Multireference Embedding and Fragmentation Methods for Classical and Quantum Computers: from Model Systems to Realistic Applications

TL;DR

This paper reviews recent advances in multireference embedding and fragmentation methods, highlighting their potential to enable accurate quantum chemistry modeling of large systems on classical and quantum computers.

Contribution

It introduces recent developments in multireference density matrix embedding and localized active space methods, bridging classical and quantum computational approaches.

Findings

Classical embedding methods have been extended to quantum computing.

Recent algorithms improve modeling of complex molecules and materials.
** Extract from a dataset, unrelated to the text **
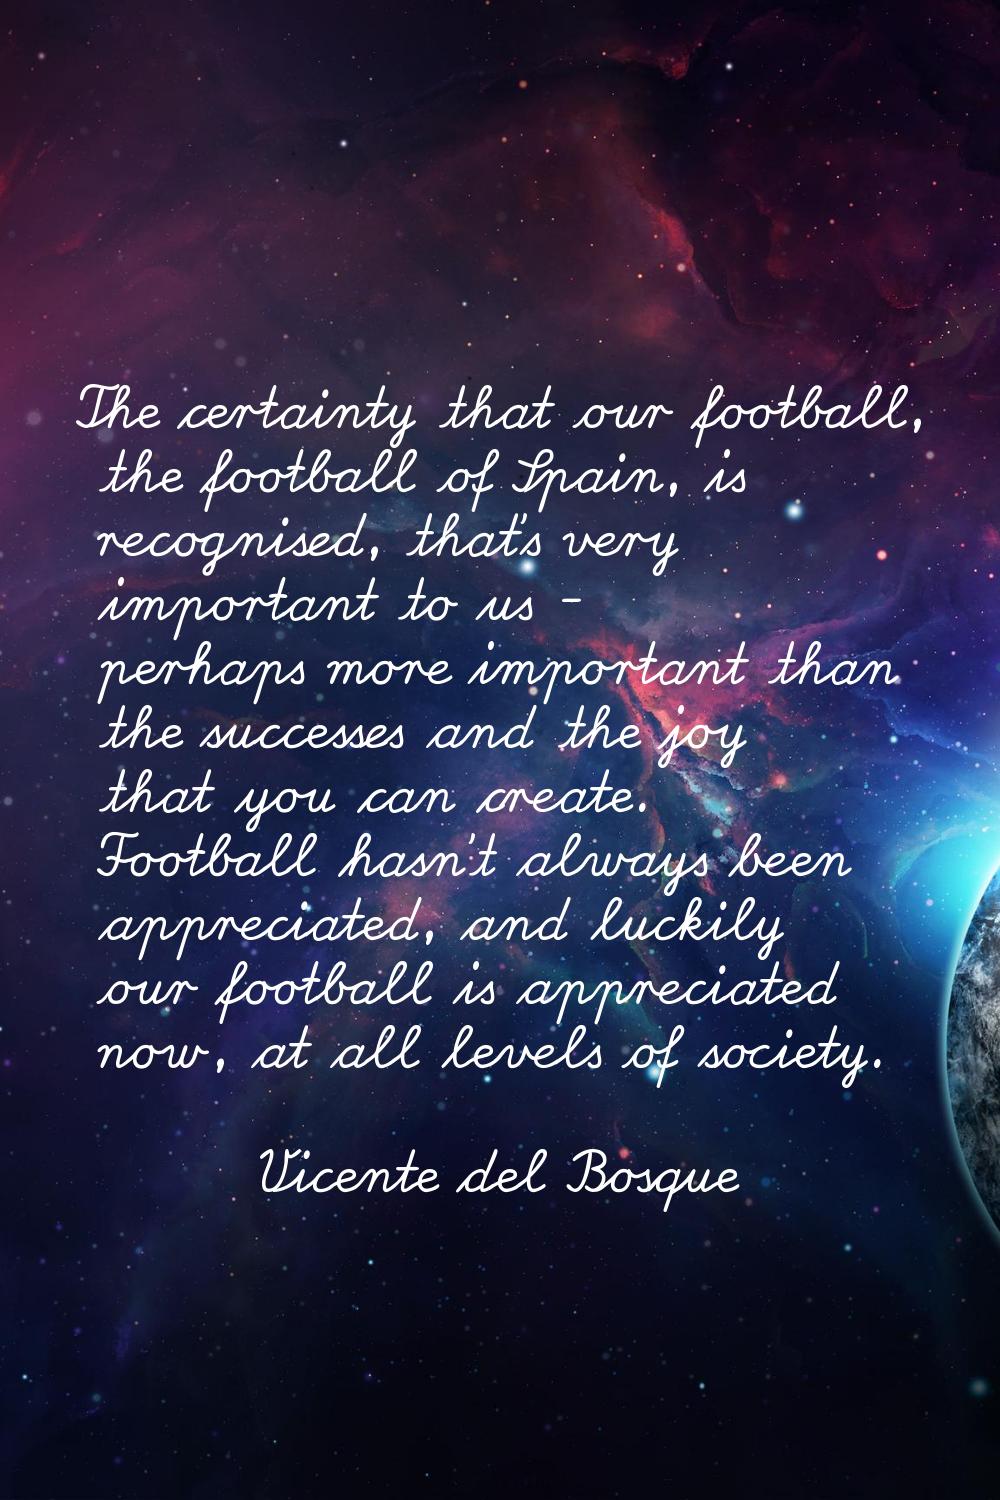 The certainty that our football, the football of Spain, is recognised, that's very important to us 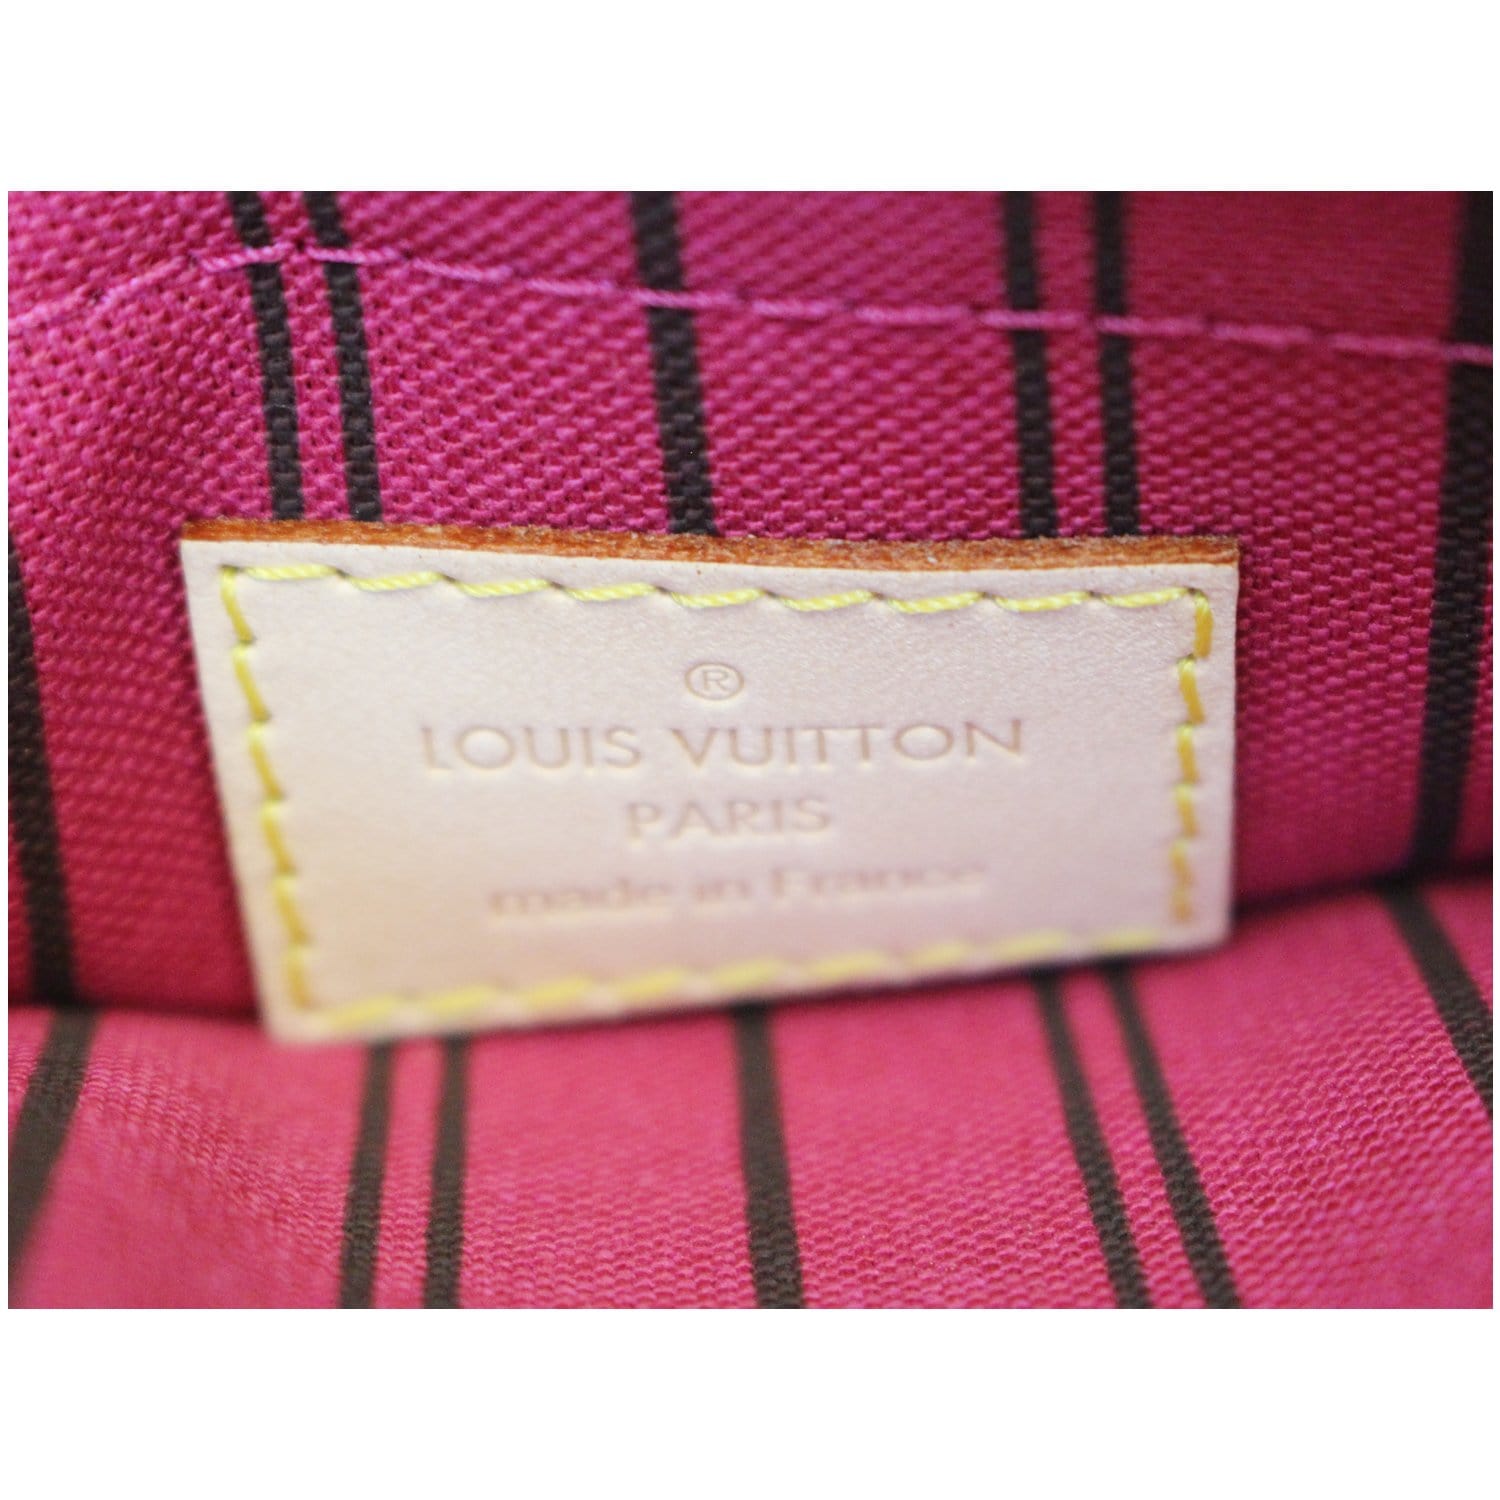 Louis Vuitton Purse With Pink Inside - 12 For Sale on 1stDibs  louis vuitton  pink inside, louis vuitton purse pink inside, louis vuitton wallet pink  inside

Potential for multireference methods to be applied to larger systems.

Abstract

One of the primary challenges in quantum chemistry is the accurate modeling of strong electron correlation. While multireference methods effectively capture such correlation, their steep scaling with system size prohibits their application to large molecules and extended materials. Quantum embedding offers a promising solution by partitioning complex systems into manageable subsystems. In this review, we highlight recent advances in multireference density matrix embedding and localized active space self-consistent field approaches for complex molecules and extended materials. We discuss both classical implementations and the emerging potential of these methods on quantum computers. By extending classical embedding concepts to the quantum landscape, these algorithms have the potential to expand the reach of multireference methods in quantum chemistry and materials.